Every line below from the one containing "Cascate Vittoria: Parco" through the one containing "Grijsgroene dames VILA" is to be printed exactly, with the pictures omitted.

Start of DATA EXTRACT

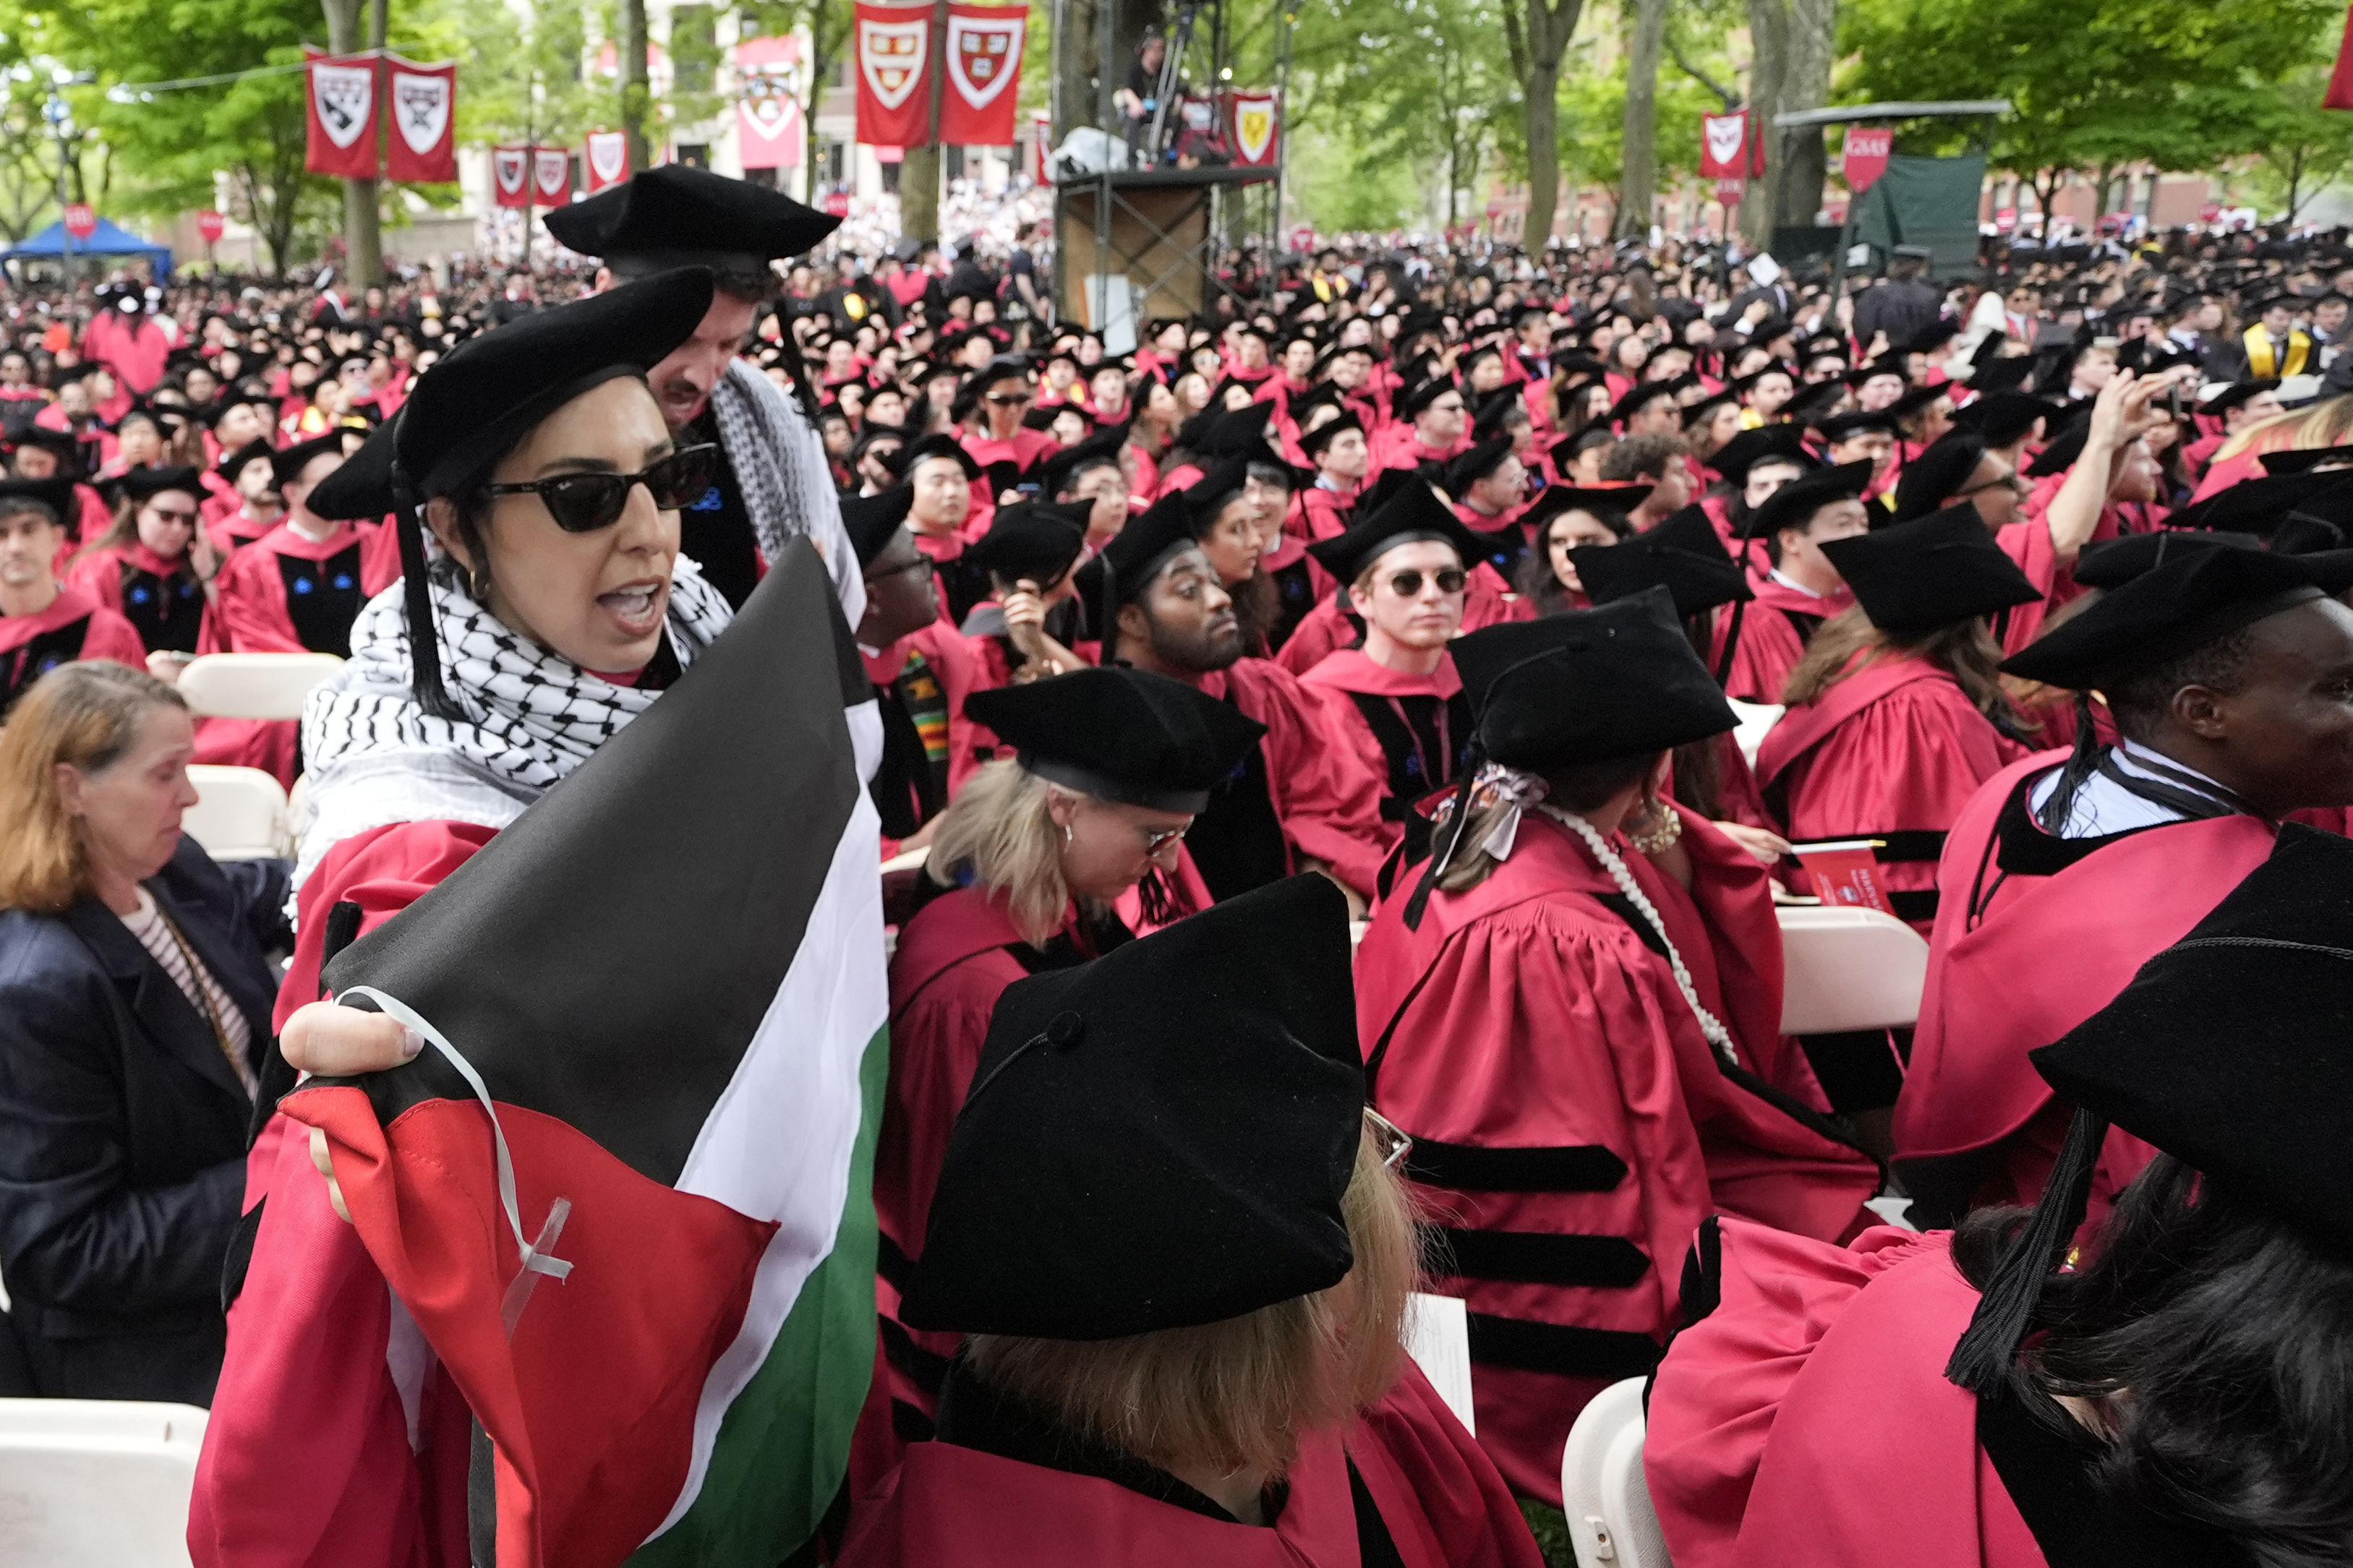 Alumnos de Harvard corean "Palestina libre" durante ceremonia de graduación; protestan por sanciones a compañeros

End of DATA EXTRACT
Start of DATA EXTRACT

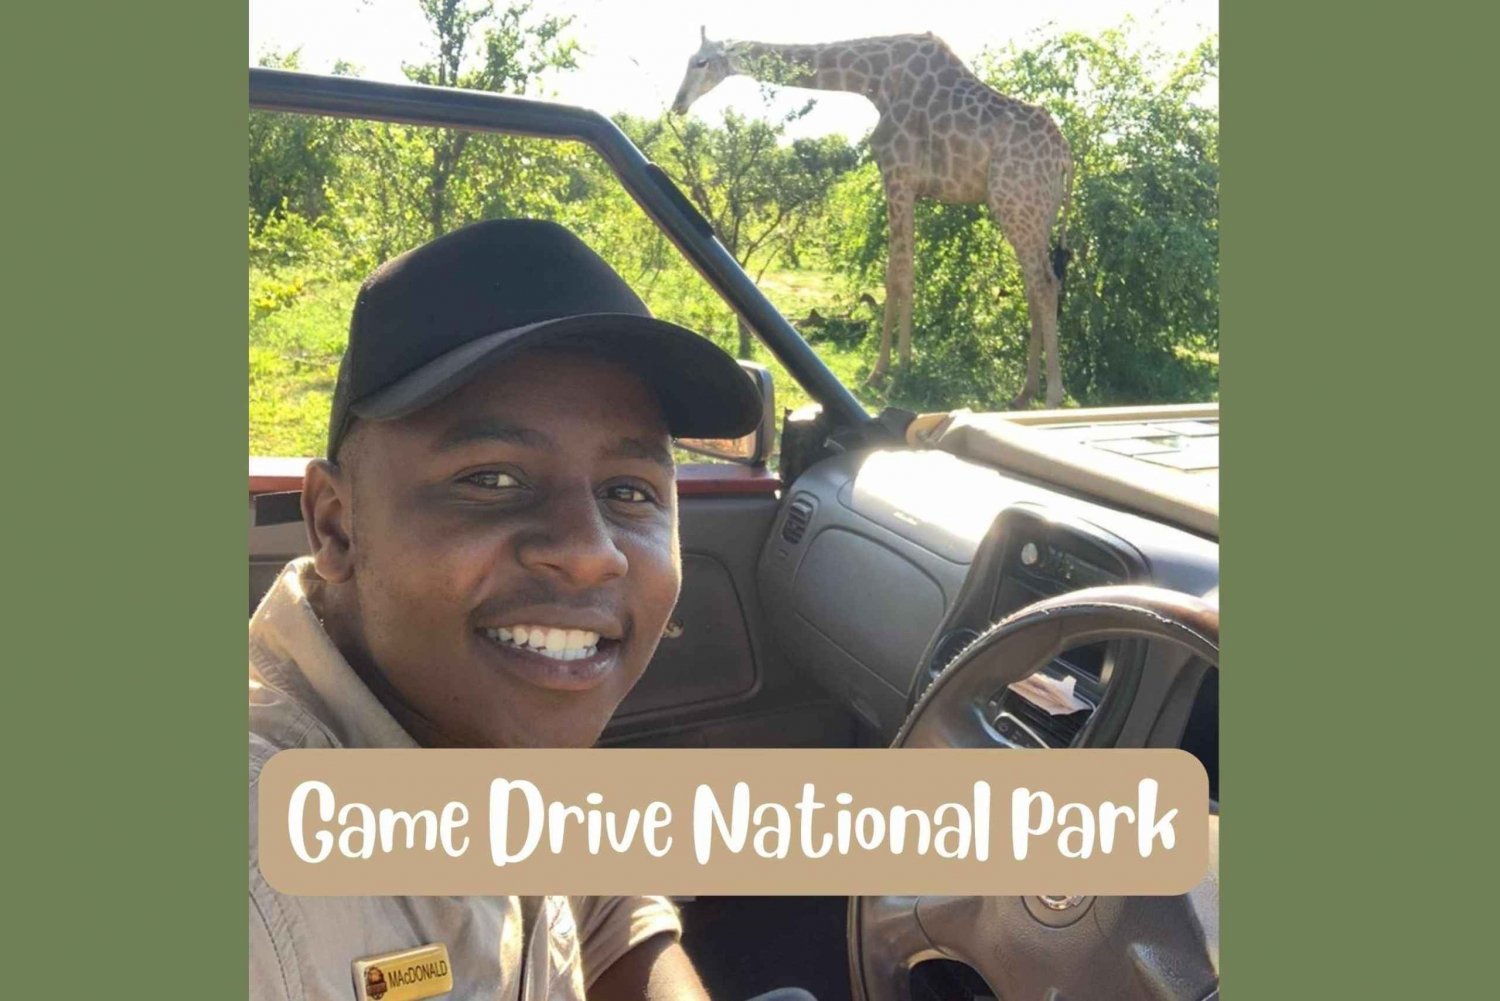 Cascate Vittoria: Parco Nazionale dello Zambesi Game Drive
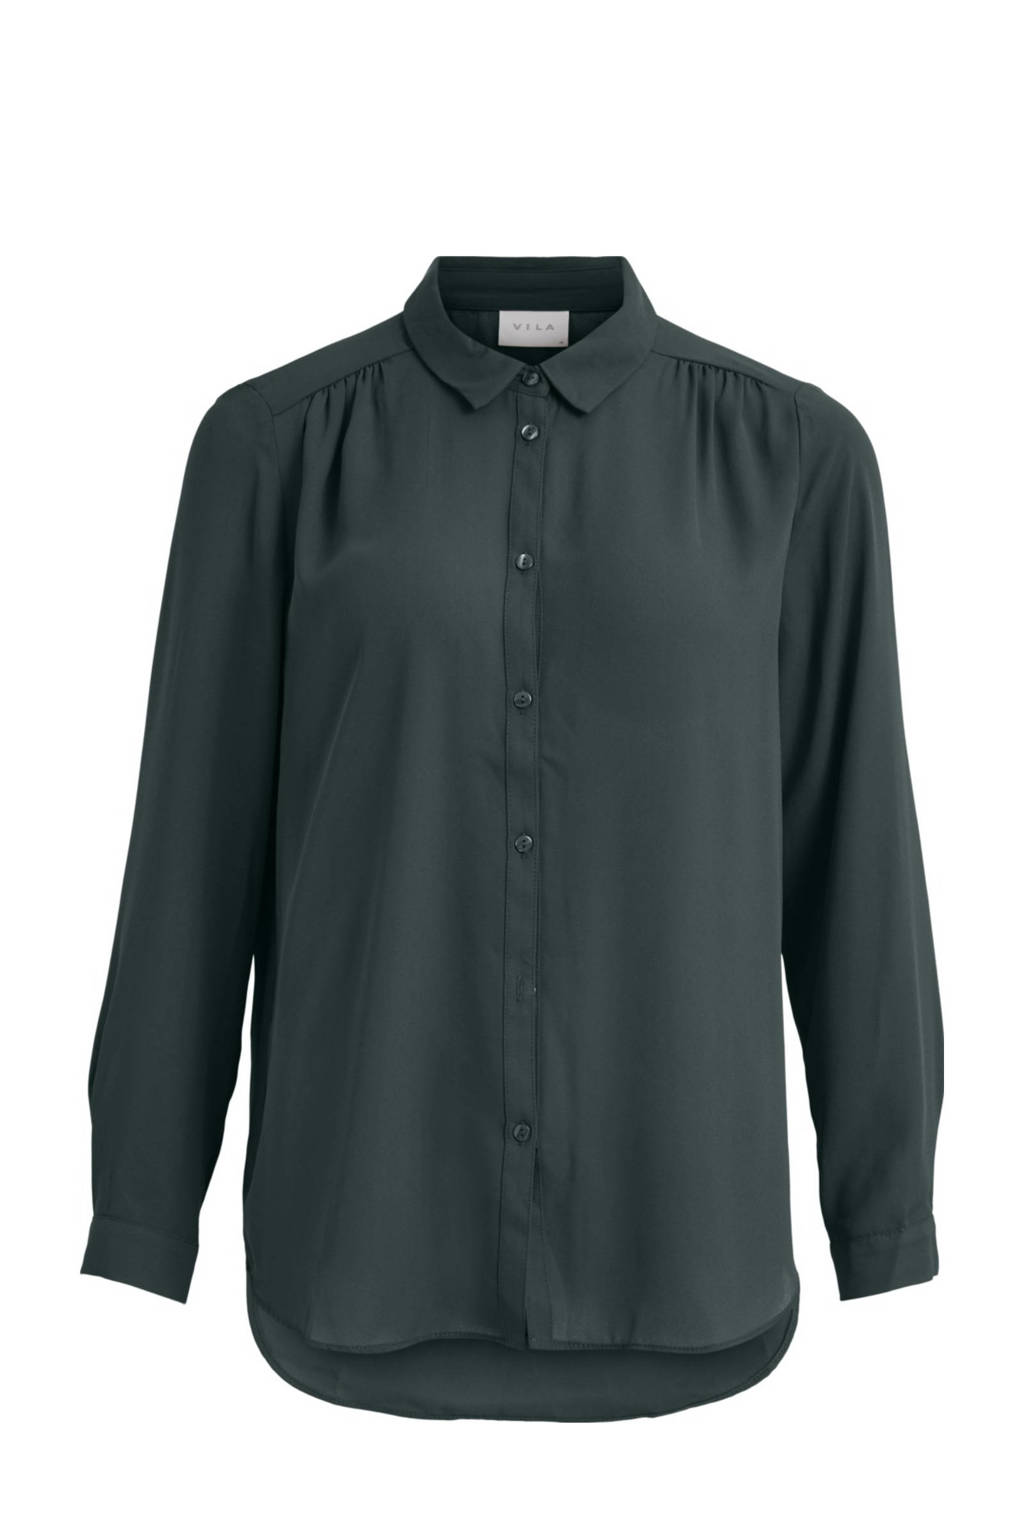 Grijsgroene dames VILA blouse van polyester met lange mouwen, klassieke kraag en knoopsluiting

End of DATA EXTRACT
Start of DATA EXTRACT

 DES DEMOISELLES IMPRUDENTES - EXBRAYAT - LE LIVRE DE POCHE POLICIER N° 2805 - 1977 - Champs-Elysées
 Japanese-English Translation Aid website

End of DATA EXTRACT

--- EXERCISE OUTPUT ---
 Cascate Vittoria: Parco Nazionale dello Zambesi Game Drive
 Grijsgroene dames VILA blouse van polyester met lange mouwen, klassieke kraag en knoopsluiting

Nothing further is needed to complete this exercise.